On his part, former Battle Front Commander of the RUF, Morris Kallon, acknowledged the fact that heinous crimes against humanity by all factions of the war including forces of the Economic Community of West African States (ECOWAS), known as ECOMOG and the civil populace, were committed during the war, but noted that such is always the case in a war situation.

He pledged to be an ambassador of peace to ensure that what the country went through during that volatile war period never repeats itself.

He expressed regret over what happened during the war and asked for forgiveness for not only him, but all those who one way or the other, were involved in acts of violence during the period under review.

Santigie Borbor Kanu commonly known as Brigadier 55, once a member of the Sierra Leone Army and a top operative of the AFRC at the time, begged for clemency, saying they themselves are victims of the war.

He decried the poor medical condition under which they are, stating that they are being treated as stateless citizens.

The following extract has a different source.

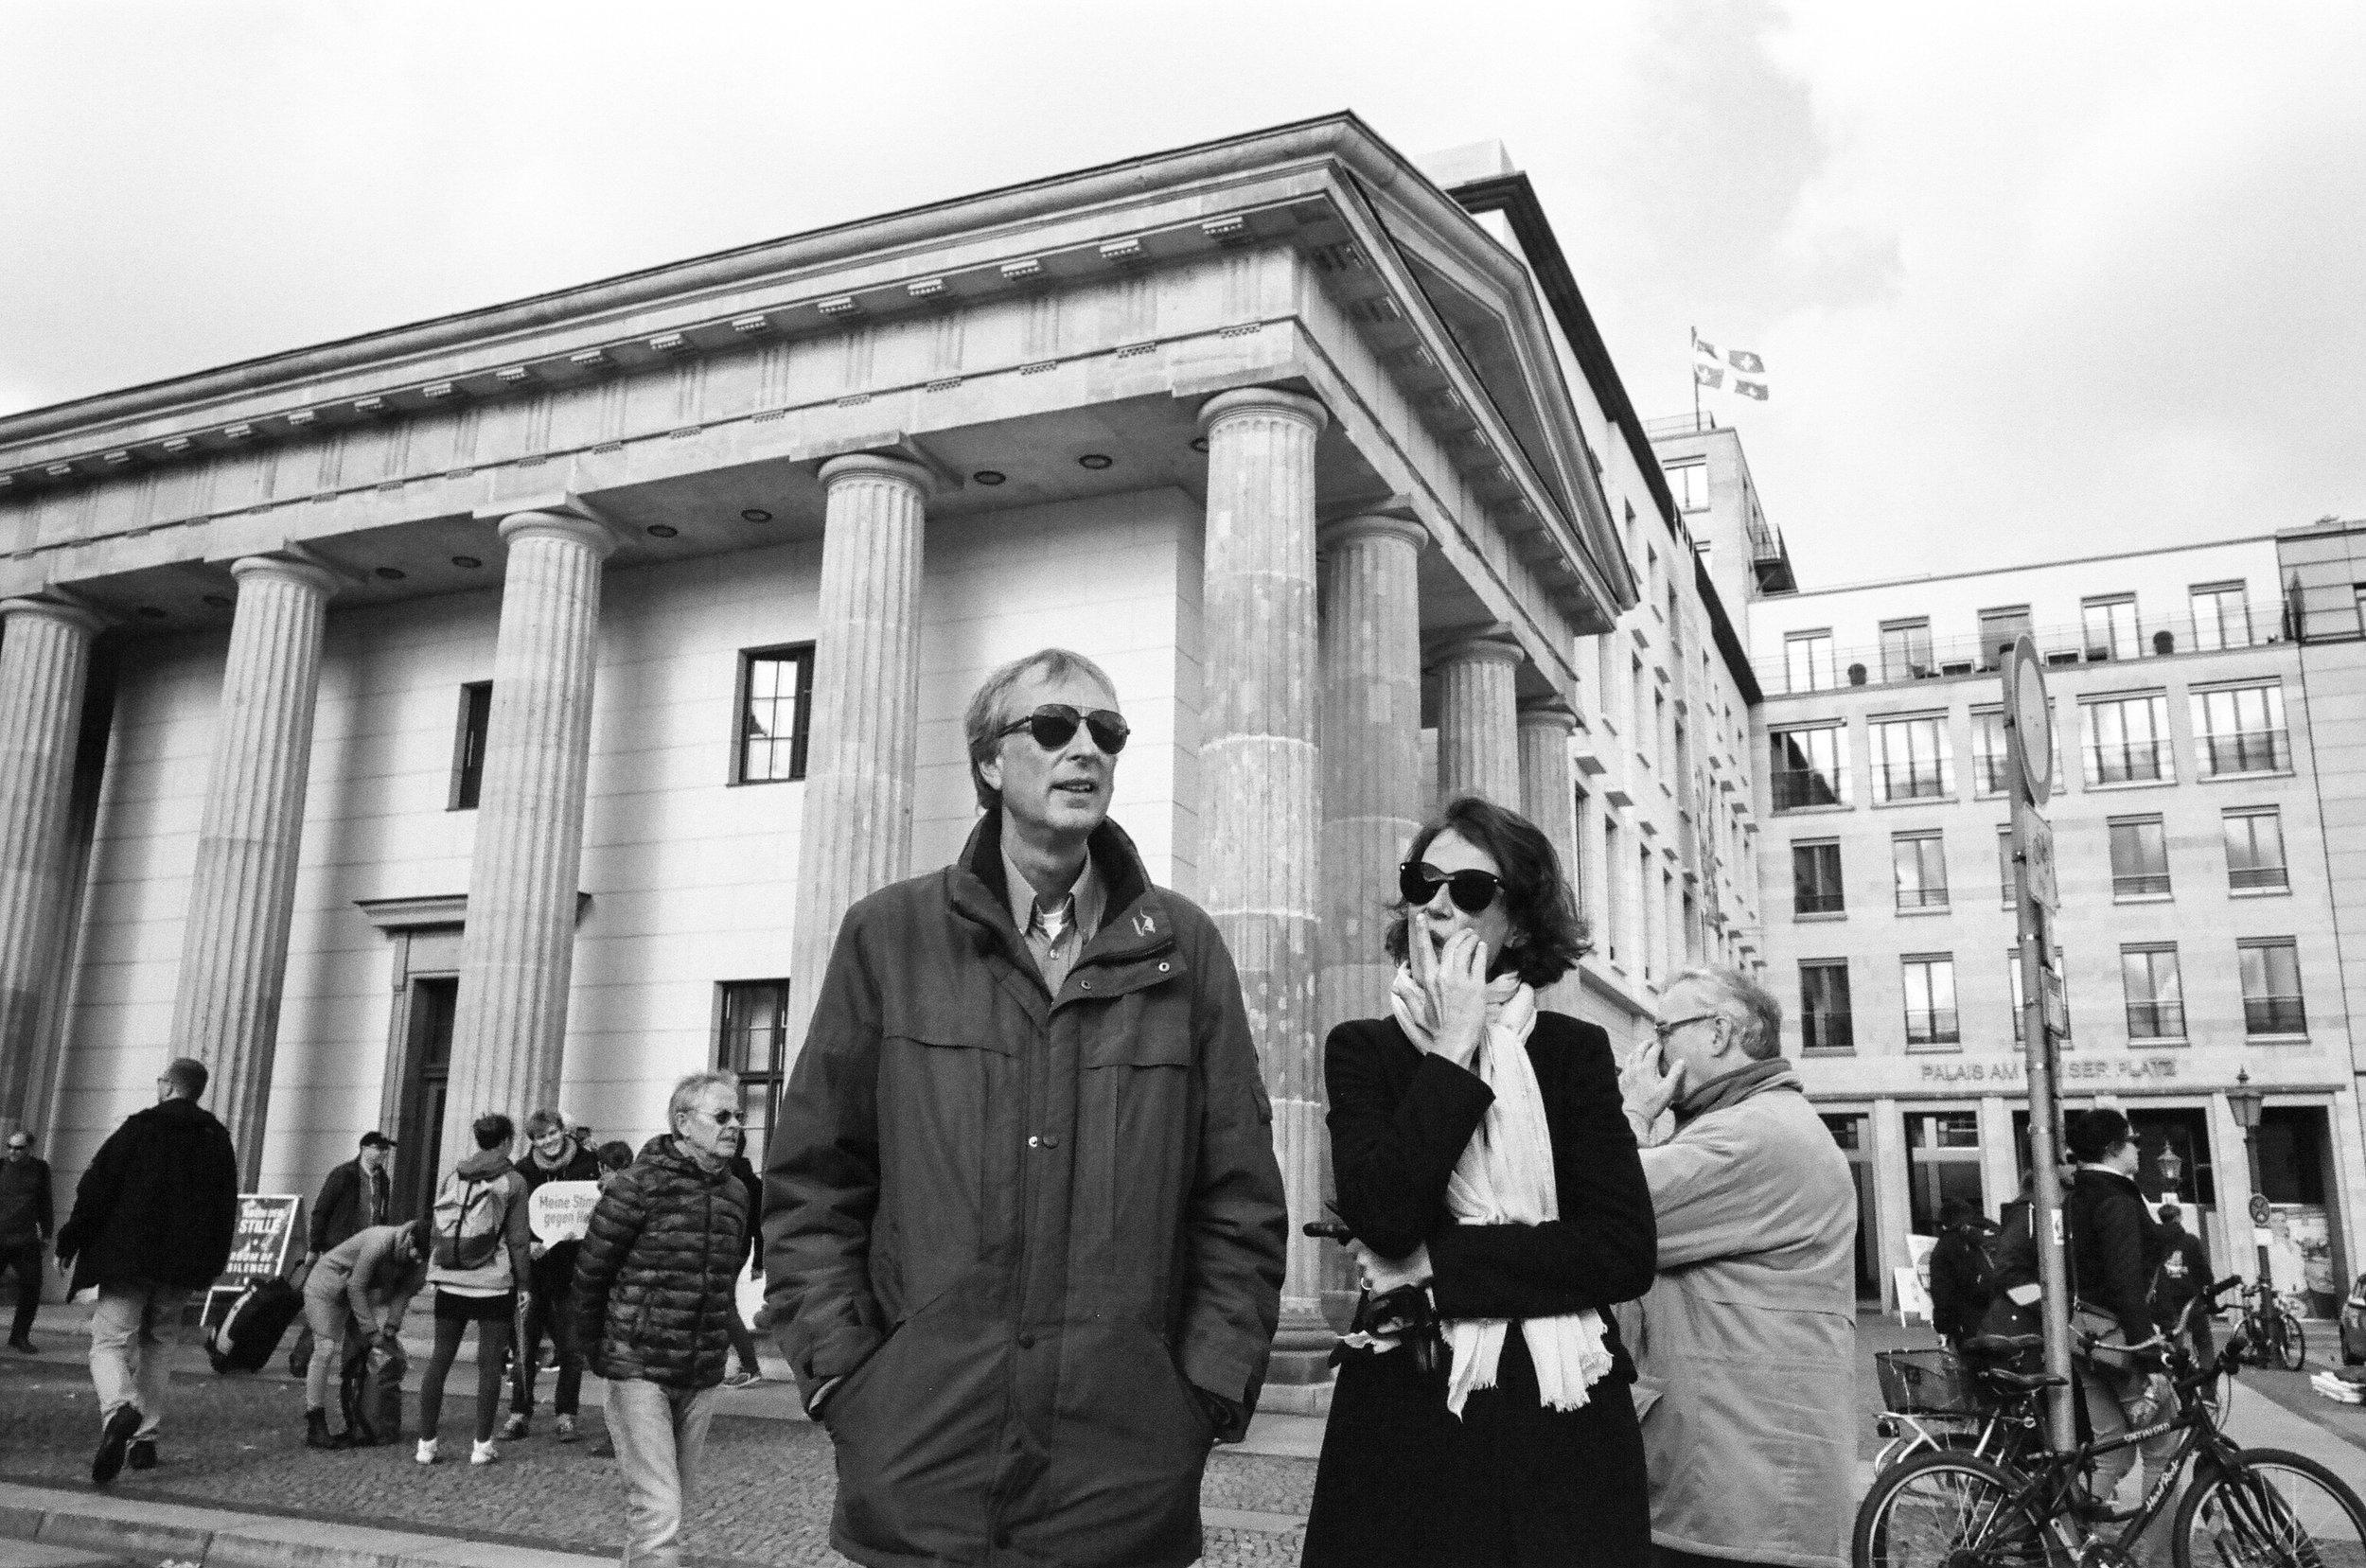 Berlin Locals - Clifford Darby 2017

Buttressing, Ibrahim Bazzy Kamara, also a high level ex – AFRC Commander, called on the people of Sierra Leone to accord them an everlasting forgiveness, saying what happened was never their making as young boys coming up in a volatile society.

The Special Court for Sierra Leone (SCSL), also called the Sierra Leone Tribunal, was a judicial body set up by the Government of Sierra Leone and the United Nations to try persons deemed to bear the greatest responsibility for serious violations of International Humanitarian Law and Sierra Leonean law committed during the country’s civil war.